Wood served with distinction in the Mediterranean from 1806 until 1808; he then went to Portugal, took part in Sir John Moore's campaign, was at the Battle of Coruña on 16 January 1809, and returned with the British army to England. In July he was in the expedition under the Earl of Chatham to Walcheren, and was at the siege of Flushing and its capture on 14 August. He was knighted on 22 May 1812. He commanded the Royal Artillery of the army under Sir Thomas Graham (afterwards Lord Lynedoch), which co-operated with the allies in Holland and Flanders. Landing at Rotterdam in December 1813, he was at the Siege of Antwerp in January 1814, and at the action of Merxem on 13 January 1814. He was at the unsuccessful assault on Bergen op Zoom on 8 March, and the subsequent blockade of that place and of Antwerp. For his services he received brevet promotion, and was made an aide-de-camp to King George IV.

In 1815 Wood commanded the whole of the royal artillery in the Waterloo Campaign, in the battles of Quatre Bras (16 June) and of Waterloo (18 June), in the march to Paris and the operations against the fortresses of Maubeuge, Landrecy, Mariembourg, Philippeville, and Cambray, and at the entry into Paris on 7 July. For his services in this campaign Wood was mentioned in despatches, was made a Companion of the Order of the Bath (CB) on the 22 May 1812 and knighted when proxy to Sir J. C. Sherbrooke. He also received the Waterloo Medal, and was permitted to accept and wear the insignia of the fourth class of the Order of St.
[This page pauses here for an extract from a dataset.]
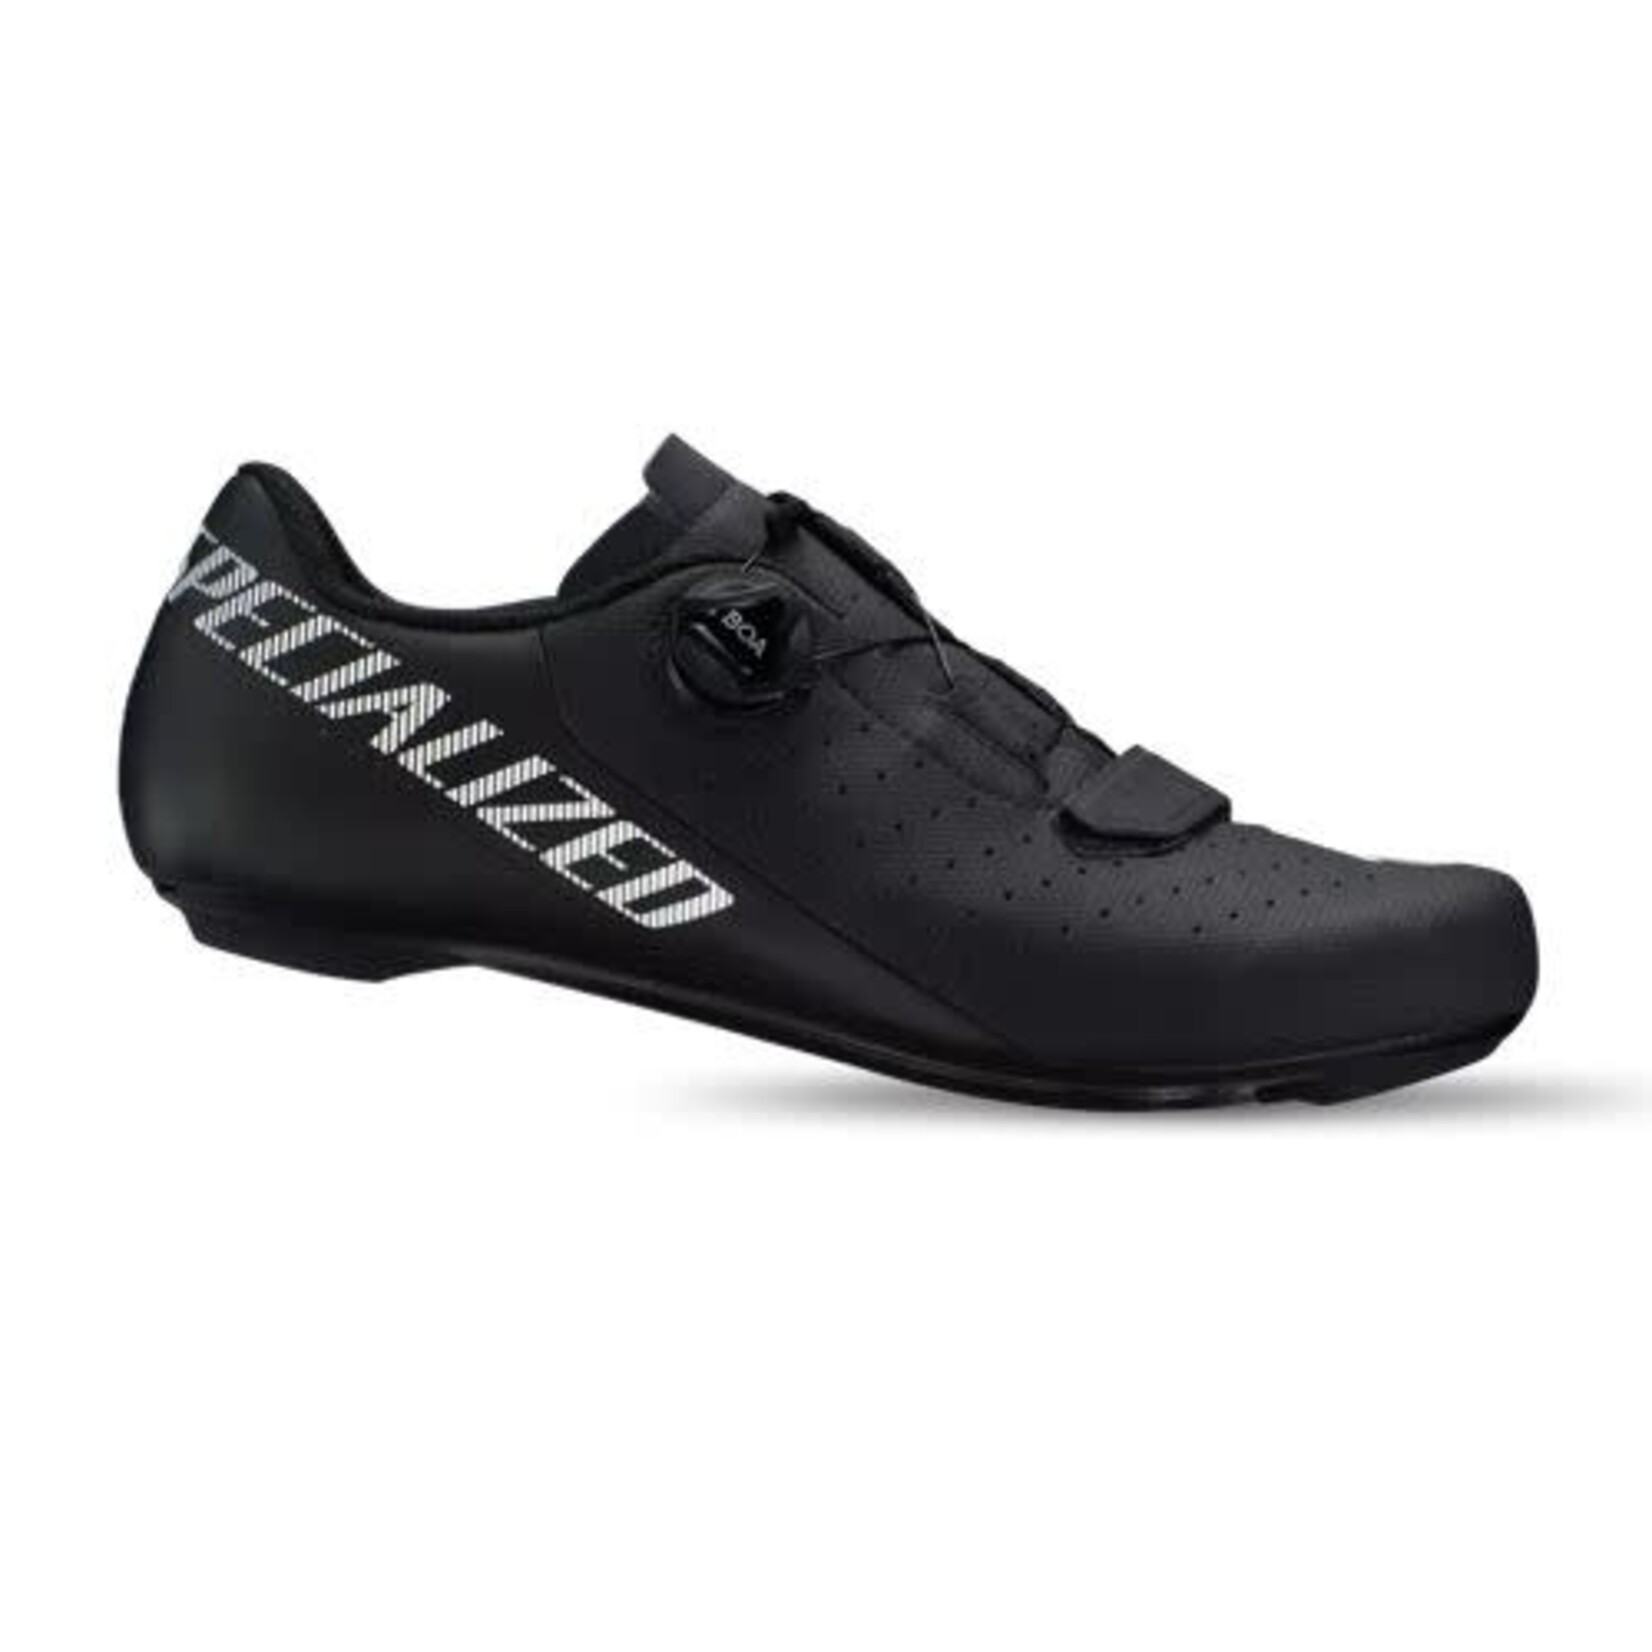 Specialized TORCH 1.0 RD SHOE BLACK 40

Vladimir (K.St.V) of Russia, the third class of the Order of Wilhelm of the Netherlands, and the knighthood of the Military Order of Maria Theresa (KMT) of Austria. The following year he was made a knight commander of the royal Royal Hanoverian Guelphic Order (KCH). He commanded the British artillery of the army of occupation in France until 1819, when he returned to England.

He was appointed Governor of Carlisle on 24 June 1825 and died in London on 22 April 1831.